During the recent lunar eclipse, I cleaned out the closet in my office and tossed out many of the issues of Mountain Astrologer, a must have for any astrologer.

But I happened to save the February-March 2008 issue, and found it this evening when I was looking for something else. The lead story, as you can see by the cover, is about Pluto in Capricorn from 2008-2023. So I turned to that article and started reading.

Whenever astrologers are dealing with the outer, slowing moving planets, they look first to the historical references. Pluto, the snail of the zodiac, takes 250 years to move around a horoscope. Between December 24, 1515 until the end of 1532 when Pluto was in Capricorn, Europe saw the incipience of the Protestant Reformation; Megellan  set sail for the first time; Cortez conquered Cuba; the Ottoman Empire reaches its pinnacle.

Between 1762 and 1772, the last time Pluto was in Capricorn, James Watt invented the steam engine, one of the driving factors in the birth of the Industrial Revolution. During this period, we produced a lot of stuff that was released into the market. The slave trade was at its height. In 1762, Jean-Jacques Cousteau published Social Contract.  According to Wikipedia: “The social contract is an intellectual device intended to explain the appropriate relationship between individuals and their governments.”

Now, for the synchros in all this. Mountain Astrologer is published bi-monthly. This issue was the 137th, February-March 2008.  That means the author probably wrote it in the late fall of 2007, before the economic meltdown in March 2008, before Obama was elected, before the Euro crisis, the Arab spring, the Occupy movement, the housing meltdown. Here are some of the highlights, under “Global Trends’:

–       Ecosystem breakdown: well, we had the  BP oil spill and more and more species are going extinct. https://dodosgone.blogspot.com

–       Increased tectonic movement: As the planetary empaths know, earthquakes have increased dramatically in this century, particularly since 2008. Take a look. Scroll down the page for the graph.

–       The end of cheap oil: When George W. Bush entered office, gas cost $1.43 a gallon. Today, it ranges between $3.49 to just under $4. But it has gone over four bucks a gallon at various times this century. The cost in Europe and other parts of the world may be higher.

–       Popular unrest and Global conflicts: Gee, this is daily news now. The Occupy movement and the Arab spring go into  this category.
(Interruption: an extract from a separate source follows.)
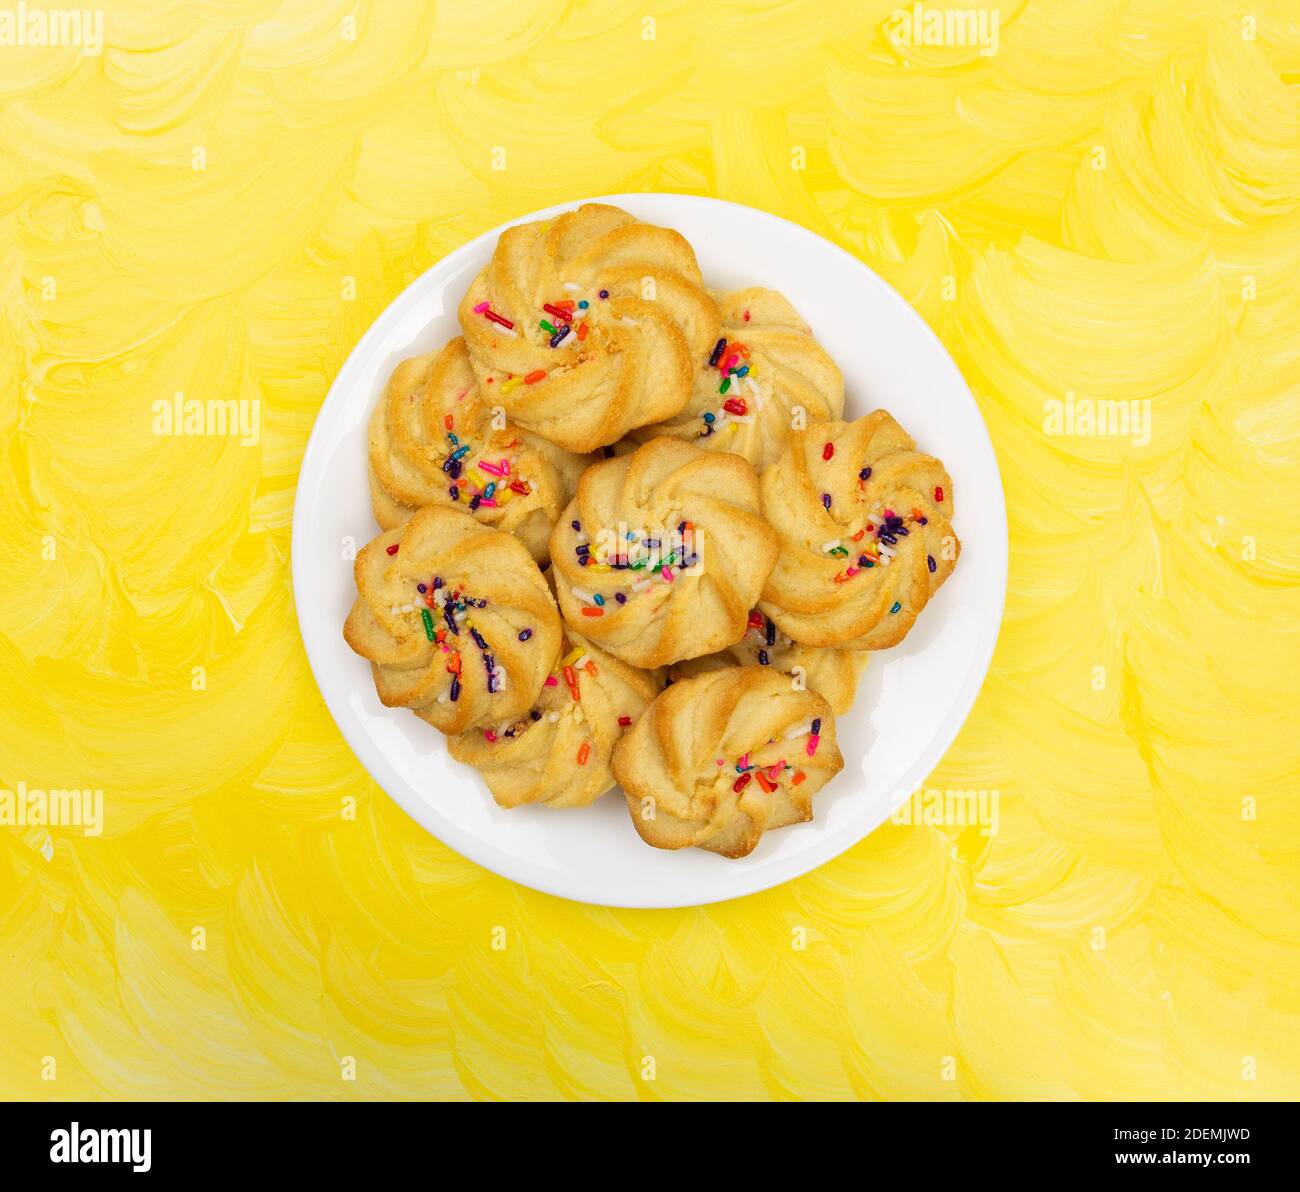 Draufsicht auf einen weißen Teller, gefüllt mit Shortbread-Keksen mit Streuseln auf einer gelb lackierten Tischplatte. Stockfoto

–       Economic Crisis and reform of the monetary system: the accuracy here is eerie, and I quote: “One of the main consequences of all this is likely to be a large-scale economic crisis. The financial institutions will almost certainly gain a great deal…and will try to use the situation to increase their control over the people.”

The author, Maurice Lavenant, concludes his article with what may be a battle cry:

“As always, it is largely up to the people to decide what they consume and how it is I produced. It’s also up to the people to decide how their resources are managed and, indeed, how they themselves are managed…How much abuse we can tolerate before we take our destiny into our own hands is anybody’s guess. In this case, though, the stakes are high because we are dealing with no less than the long-term survival of the entire biosphere. Given this fact, can we afford to be complacent?”

So now that we’ve stepped into  2012, there are many things to consider. How can we embrace the change around us and within our own lives? Do we need to redefine ourselves professionally, personally, spiritually, emotionally? If so, how?  What do we desire for ourselves, our families and loved ones in the coming year?

I’m always looking for the absolute bottom line and for me, it’s this: If I knew I had one day to live, what would I do? How would I live? With whom would I spend my time?